U.S. electric utilities in 2020 saw customer demand drop by percentages not experienced since the Great Depression thanks to the economic shutdowns related to the COVID-19 pandemic. And, according several recent reports, electricity sales are unlikely to return to previous levels anytime soon. On the positive side, renewable generation appears to be holding its own, as free fuel costs turn solar and wind into baseload resources. The eventual hit to utilities’ end-of-year bottom lines might be significantly less than the demand drop might lead one to expect.
U.S. electricity demand was already on a downward trajectory in January; 2019 saw sales fall 1.4% over the previous year, according to the International Energy Agency’s (IEA) “Global Energy Review 2020,” released in April. However, that report also anticipates a further 4.8% drop by the end of 2020, which is a near match with an expected 5% global reduction. That figure represents the biggest global fall since the 1930s and, the report stated, is eight times the demand fall seen in 2009, in the wake of the international financial crisis.

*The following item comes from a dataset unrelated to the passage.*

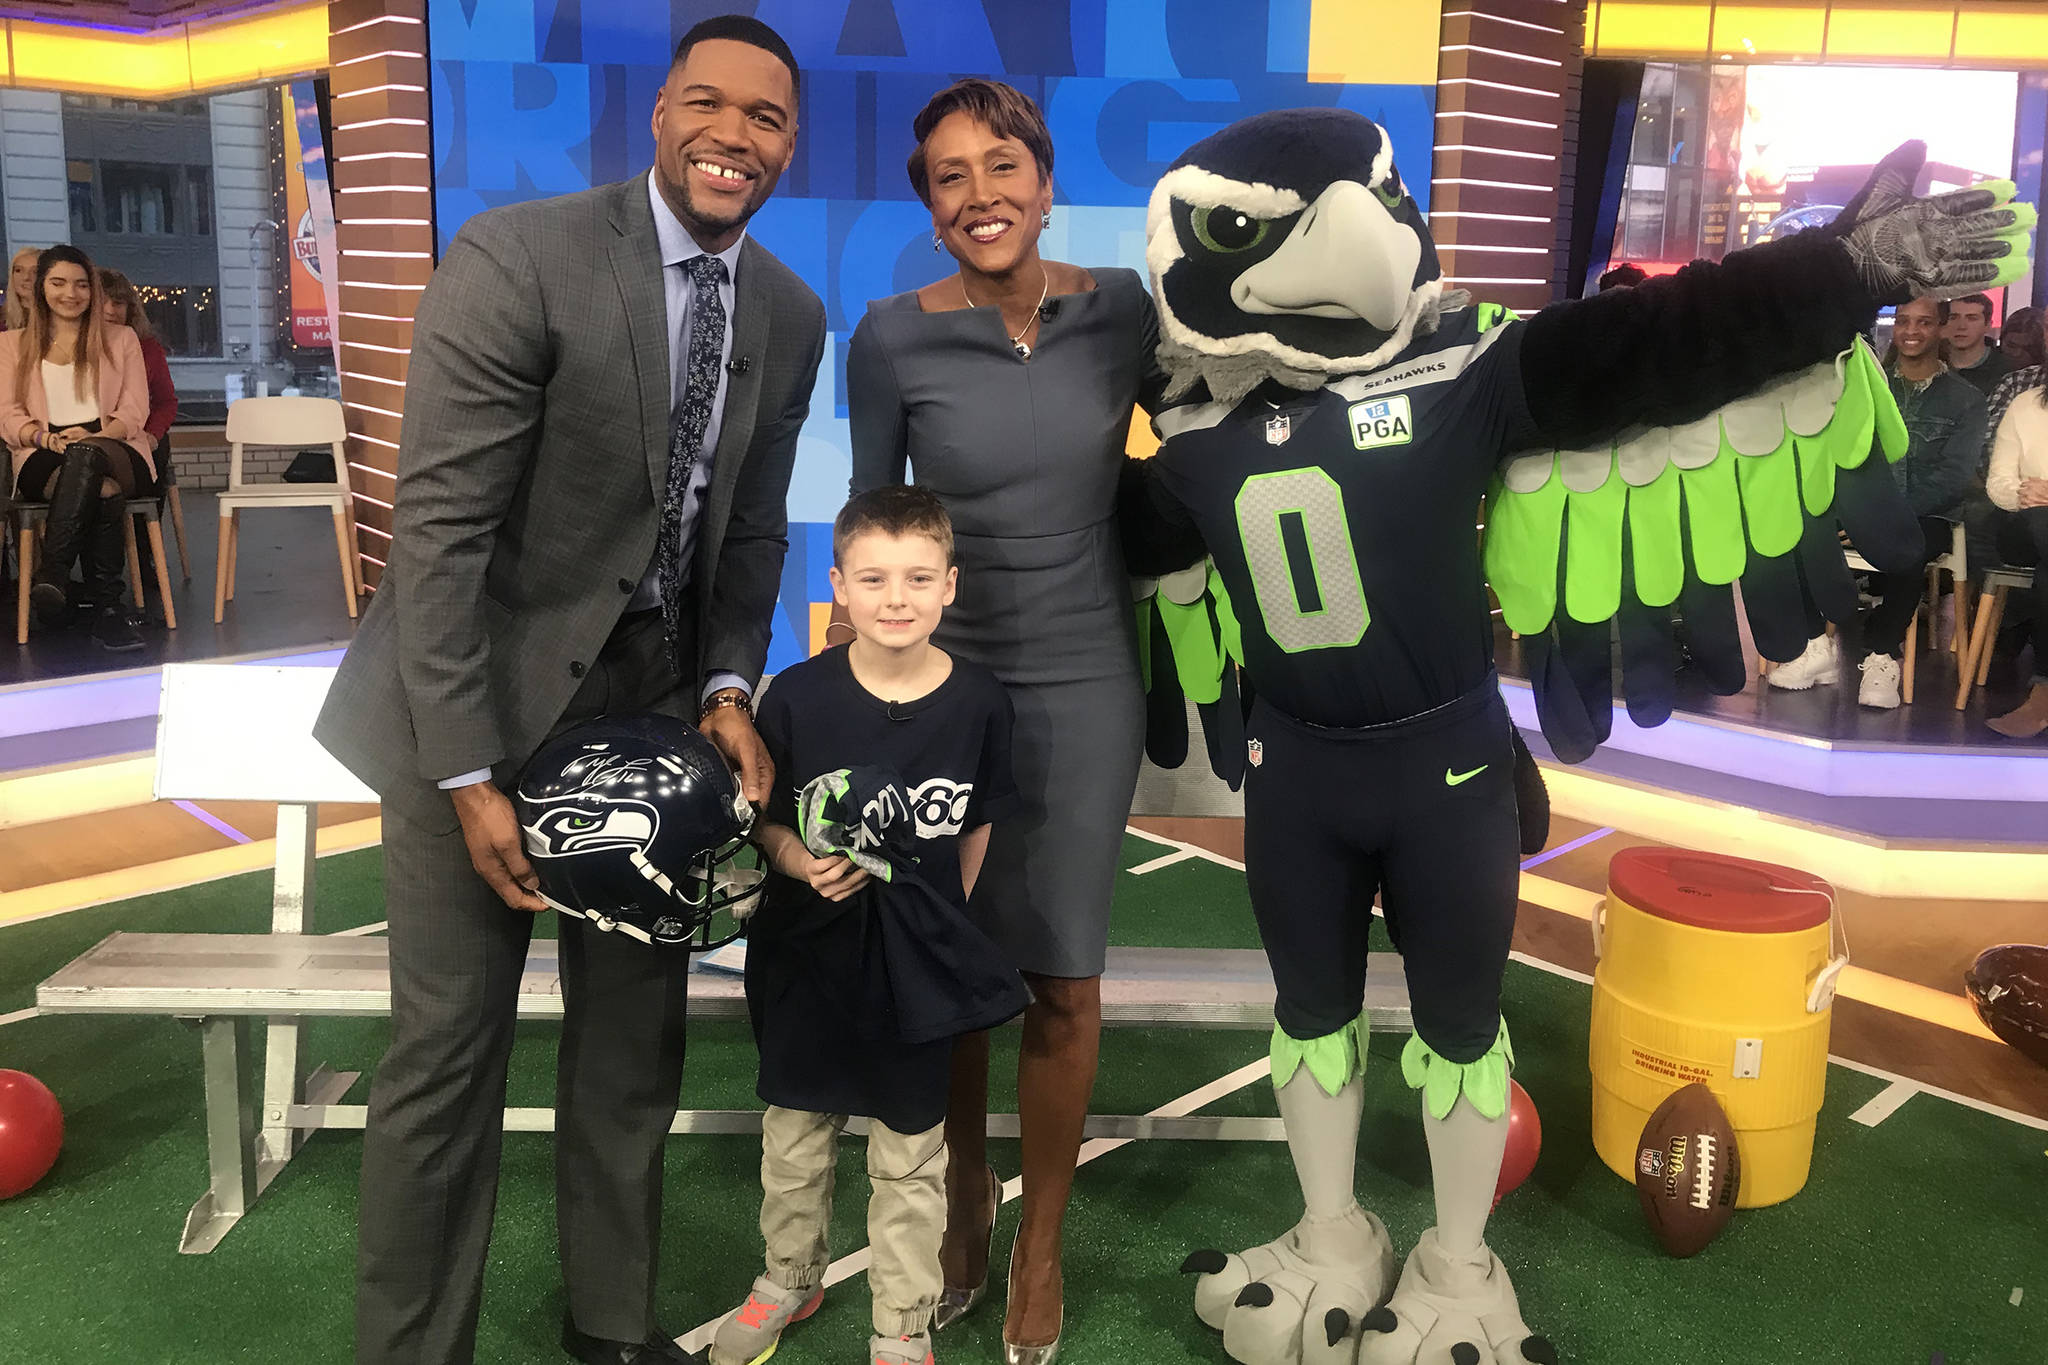 Dream come true: 8-year-old wins trip to Super Bowl

The U.S. economy’s heavy emphasis on services, versus manufacturing, is a big reason for this decline, according to the IEA report. The service sector accounts for 40% of U.S. demand, and that was the sector hardest hit by stay-at-home orders, as millions of workers deserted offices, and hotels and restaurants shut their doors and furloughed millions more.
In contrast, 2020 demand is expected to drop only 3% in China, where industrial use accounts for 60% of electricity consumption. Manufacturers can’t simply shift production to employees’ homes, so their facilities are more likely to be considered essential operations.
As might be expected, the U.S. demand reduction picked up steam as stay-at-home orders started rolling across the country in March. Utilities’ average hourly loads dropped 3.3% over March 2019 figures, according to analysts with the Brattle Group, a Cambridge, Mass.-based energy-research firm. April saw that figure double, down 6.5% over April 2019, according to its May report, “Impacts & Implications of COVID-19 for the Energy Industry.”
Only growth in residential demand, as everyone began meeting and schooling online, helped prevent further load reductions. From February through April, residential load increased by 6–8%, according to the Brattle Group. Commercial and industrial loads, in contrast, fell by 14.5–16% during that period. These figures come from the seven independent system operators (ISOs) responsible for supporting 55% of total U.S. electricity demand.
The ISOs reported shifts in when electricity was used, and who was using it. For example, PJM, the nation’s largest system operator, saw weekday peaks drop by up to 8%. And ISO New England said the combination of lower peaks and slower morning demand ramp-ups were “like snow days.”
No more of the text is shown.